Other variables associated with mental health are sex , domestic or foreign birthplace , and socioeconomic status [SES; 44]. The participants’ sex was noted by test-personnel, and birthplace (“Were you born in Norway”) was assessed in the questionnaire. Parents’ education level was included as a measure of SES .
Data were managed and analyzed in IBM SPSS Statistics 25 (IBM, Armonk, New York, USA). SDQ data were scored according to the syntax provided by the SDQ information web page . The syntax summed the scores from each of the four subscales needed to create the TDS variable. Cronbach’s alpha was employed to assess the internal consistency of TDS and the result was .62.
We created z scores stratified for sex and BMI quartiles for handgrip strength, standing broad jump and sit-ups. The z scores were used to create one composite mean z score for muscular strength. SES was analyzed by including only the parent with the highest education level. Next, parents’ education level was categorized as either ”lower secondary school or less”, ”upper secondary school”, “less than four years university education” and “four years or more university education”.
Out of 2045 participants, 27% (n = 559; girls = 38.2%) had at least one missing value. A new grouping variable was created to analyze differences between participants with all values (n = 1486) and participants with missing values (n = 559). The following primary analyses were carried out on the complete-case group only, while extensive missing value analyses were conducted to examine if they influenced the primary results.
Complete-case primary analyses
Descriptive statistics were calculated and are presented as means and standard deviations (SD). Seven linear mixed effect models with TDS as the dependent variable were conducted. In models one to six, we assessed the separate associations between TDS and the muscular strength variables and the health-related fitness components.
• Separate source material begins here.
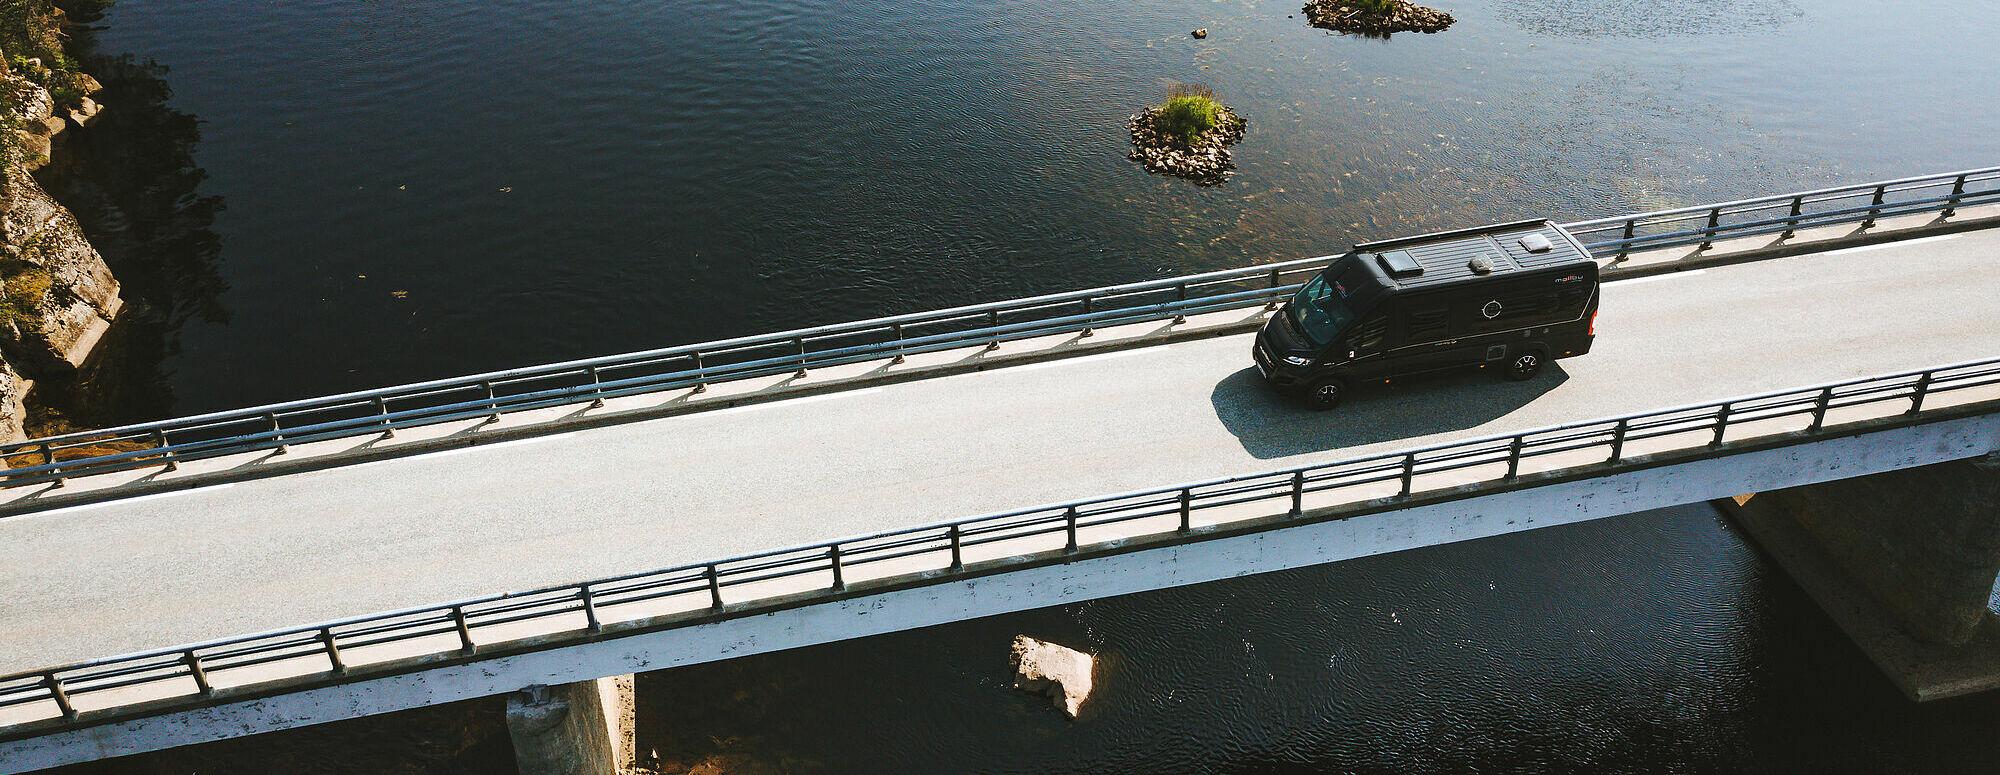 Fahraufnahme aus der Vogelperspektive von einem Malibu Van auf einer Brücke über einem See

In the seventh model, the fitness components controlled for each other. All models controlled for the covariates (sex, domestic birthplace and SES). We report estimates (unstandardized coefficients) and their 95% confidence intervals (95% CI). Estimates reflect the change in TDS as a result of one unit of measurement increase in the independent variables. Initial linear mixed effect modelling showed no statistically significant interaction effects between sex and the physical fitness variables, using TDS as the dependent variable. To account for possible effects of clustering of observations within schools, school site was included as a random effect in all models. A p value < .05 indicated statistical significance.
Missing value analyses
To assess whether missing values were missing completely at random (MCAR), Little’s MCAR test was used. The analysis did not support MCAR (104.331, DF = 24, p < .001). Pattern analysis (not shown) indicated that the data were likely missing at random (MAR). A possible explanation for the missing values is that we never forced the participants to complete the tests, which may have caused some participants to opt out. For instance, many stated that they did not want to run the CRF test. Moreover, the SDQ was one of many components in a large and extensive questionnaire. The missing data from the SDQ may be a consequence of the size and duration of the extended questionnaire, which may have caused many to quit before completion. However, this is unclear and there may be other reasons unknown to us.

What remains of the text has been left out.